Il
finale di Senilità
G. BALDI, ecc., Dal testo alla storia, dalla storia al testo, vol. III**
Paravia, 1994, pp. 306-308.
Conclusa
l’avventura con Angiolina, Emilio ritorna alla stato di “senilità” (“ne visse come un vecchio del ricordo della
gioventù”), cioè ritorna al punto di partenza, alla sua inettitudine di “letterato ozioso”: al contrario di
quel che succede nei romanzi di formazione, Emilio non ha imparato nulla.

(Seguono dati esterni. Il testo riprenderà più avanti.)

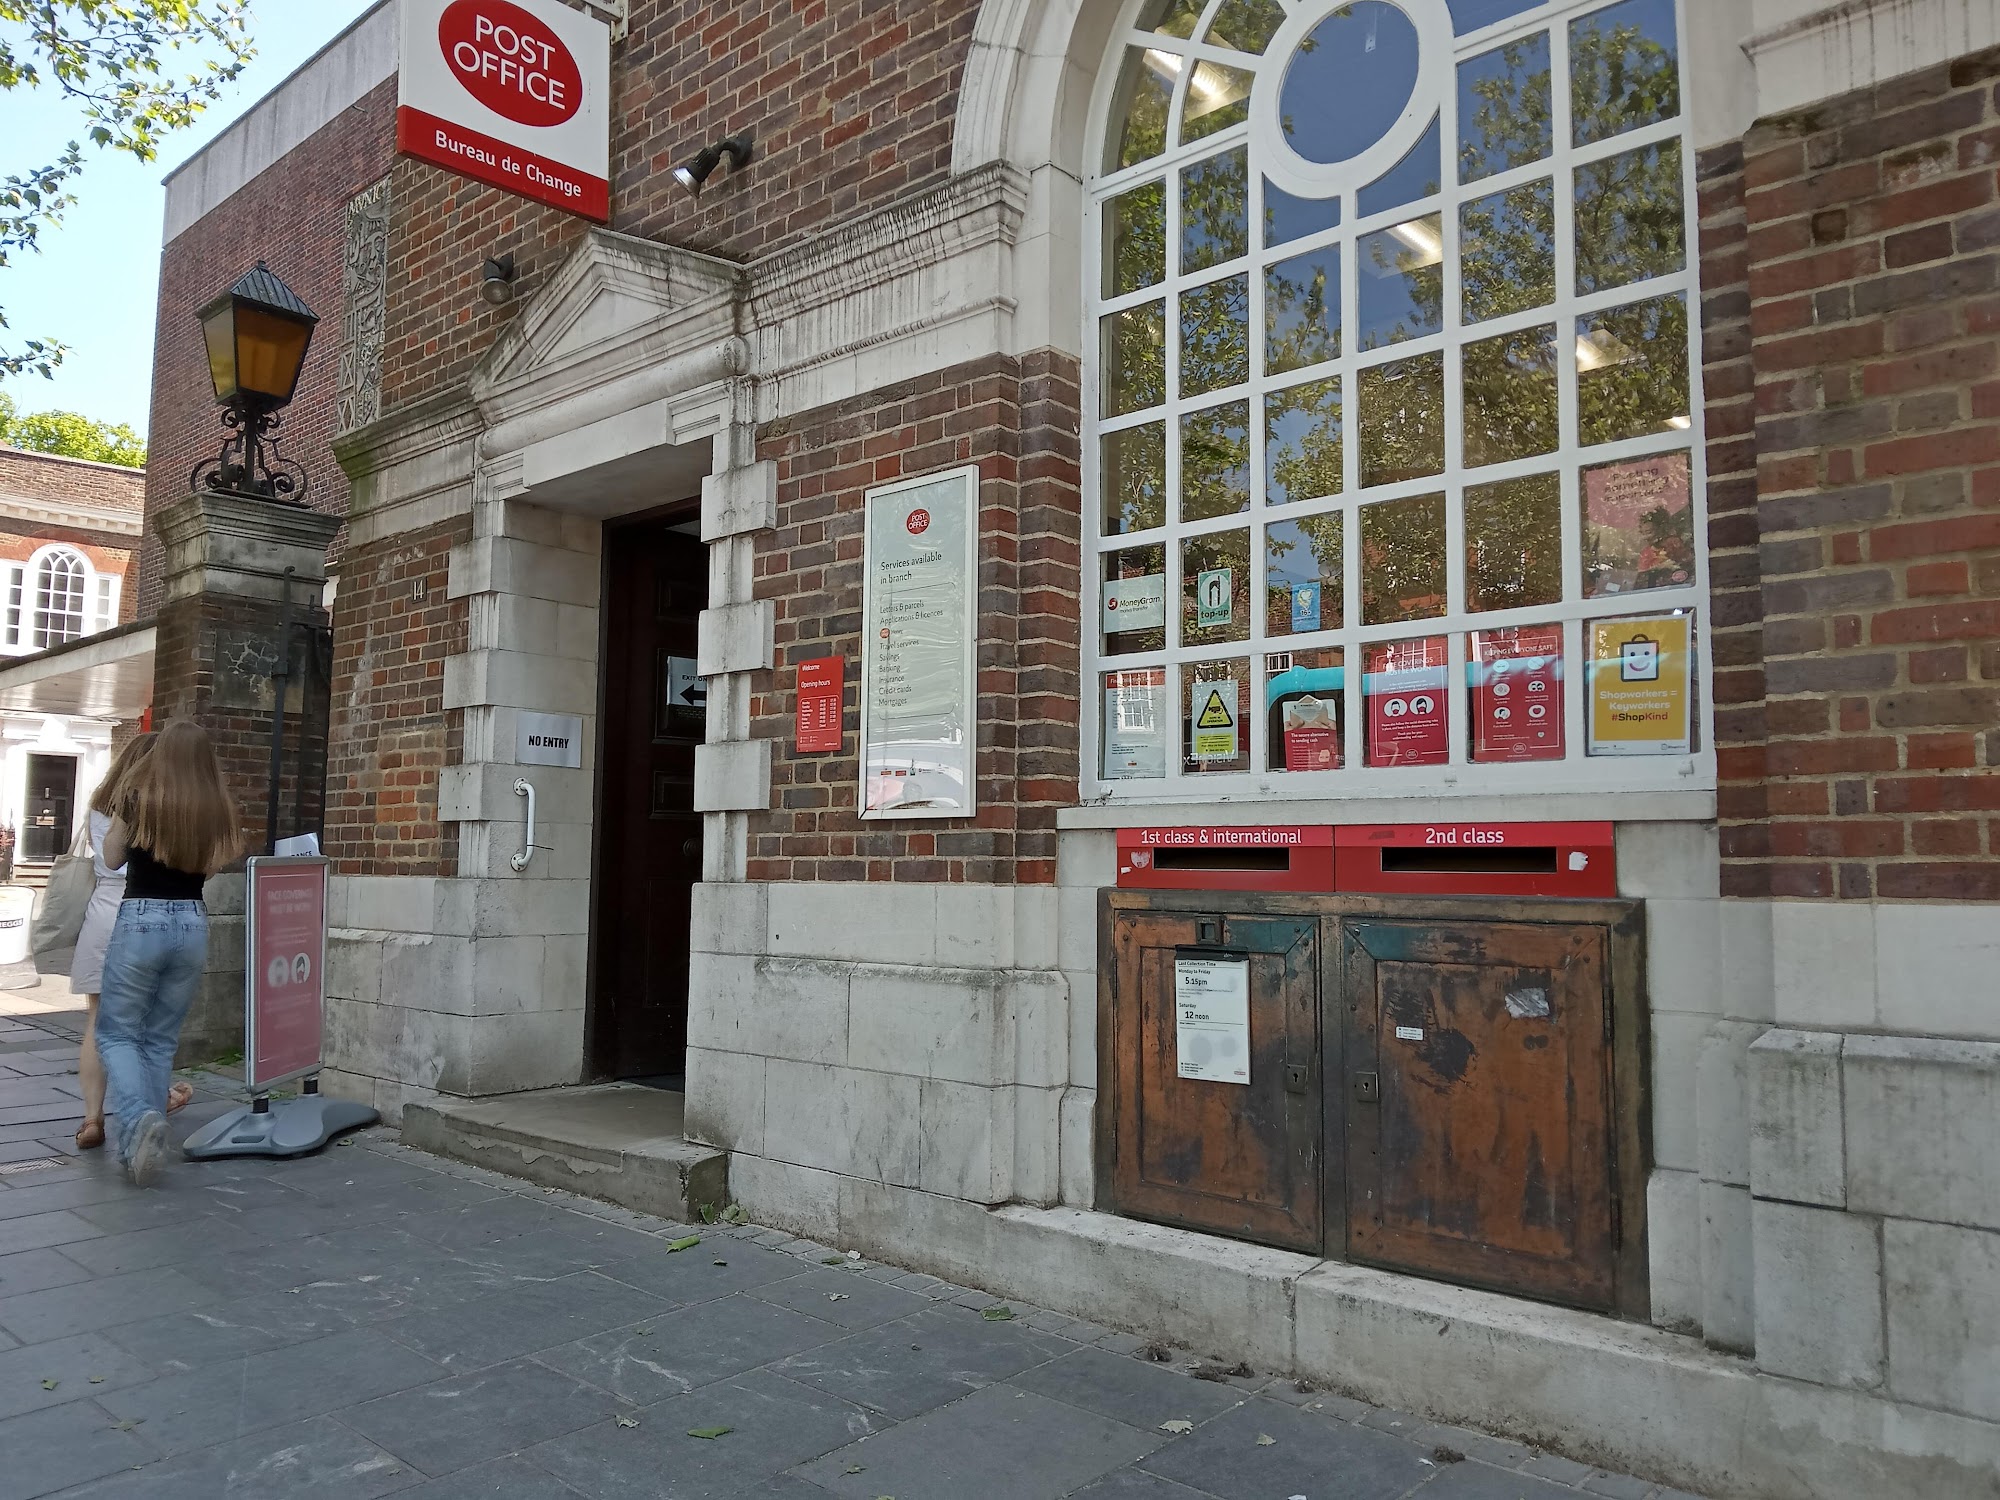 St Peter's Street Post Office

La stessa “metamorfosi strana” che
Angiolina subisce nel ricordo di Emilio indica la realizzazione di un desiderio
che percorre tutto il romanzo: la donna-sesso (Angiolina) e la donna-madre
(Amalia) sono ora unite (ora che sono l’una morta e l’altra fuggita con il
cassiere infedele di una banca), assecondando la volontà di Emilio di
idealizzare una realtà volgare, di trasfigurare in un’immagine di purezza ciò
che invece appartiene alla materialità del sesso (come ha sempre fatto, da
inetto che, incapace di fronteggiare la realtà, si risarcisce con il sogno).
Peraltro,
Angiolina che guarda verso l’orizzonte rosseggiante, diventa anche simbolo
del socialismo: ma anche in questo caso è evidente che Emilio continua a
mentire a se stesso (a risarcirsi con il sogno), visto che la ragazza si era
dimostrata assolutamente estranea ed ostile alle idee socialiste, quando Emilio
aveva cercato di spiegargliele.
La tecnica
narrativa rivela anche qui la distanza critica del narratore (ovvero,
dell’autore) rispetto al suo personaggio: la metamorfosi è definita “strana” e propria della mente di un “letterato ozioso”; del resto lungo
tutto il romanzo il narratore ha ironizzato sul “pedante solitario” che chiama Ange quella donna ignorante,
amante dei piaceri sessuali, dei formaggi, delle mortadelle e del buon vino
(e che il Balli, che se ne intende, più appropriatamente chiama Giolona);
e quindi, ancora, non può non essere risibile l’immagine di lei con “l’occhio limpido e intellettuale”,
collocata “come su un altare, la
personificazione del pensiero e del dolore” .
Rivelatrice è
infine la frase conclusiva: il tempo presente dei verbi dimostra che si tratta
di un intervento della voce narrante e non di un indiretto libero (ci sarebbe
voluto l’imperfetto); ed è quindi l’autore che si prende gioco dell’ultima
mistificazione di Emilio, fa la parodia
del suo pensiero: già con gli esclamativi (“Sì! Angiolina pensa e piange!”), poi con l’immagine di lei che
piange “come se nel vasto mondo non
avesse più trovato neppure un Deo
gratias qualunque”, alludendo
maliziosamente al fatto che la ragazza tuttalpiù può piangere perché non trova
neppure un’avventura occasionale (così lei aveva definito un tale incontrato
per strada e da cui si era fatta accompagnare).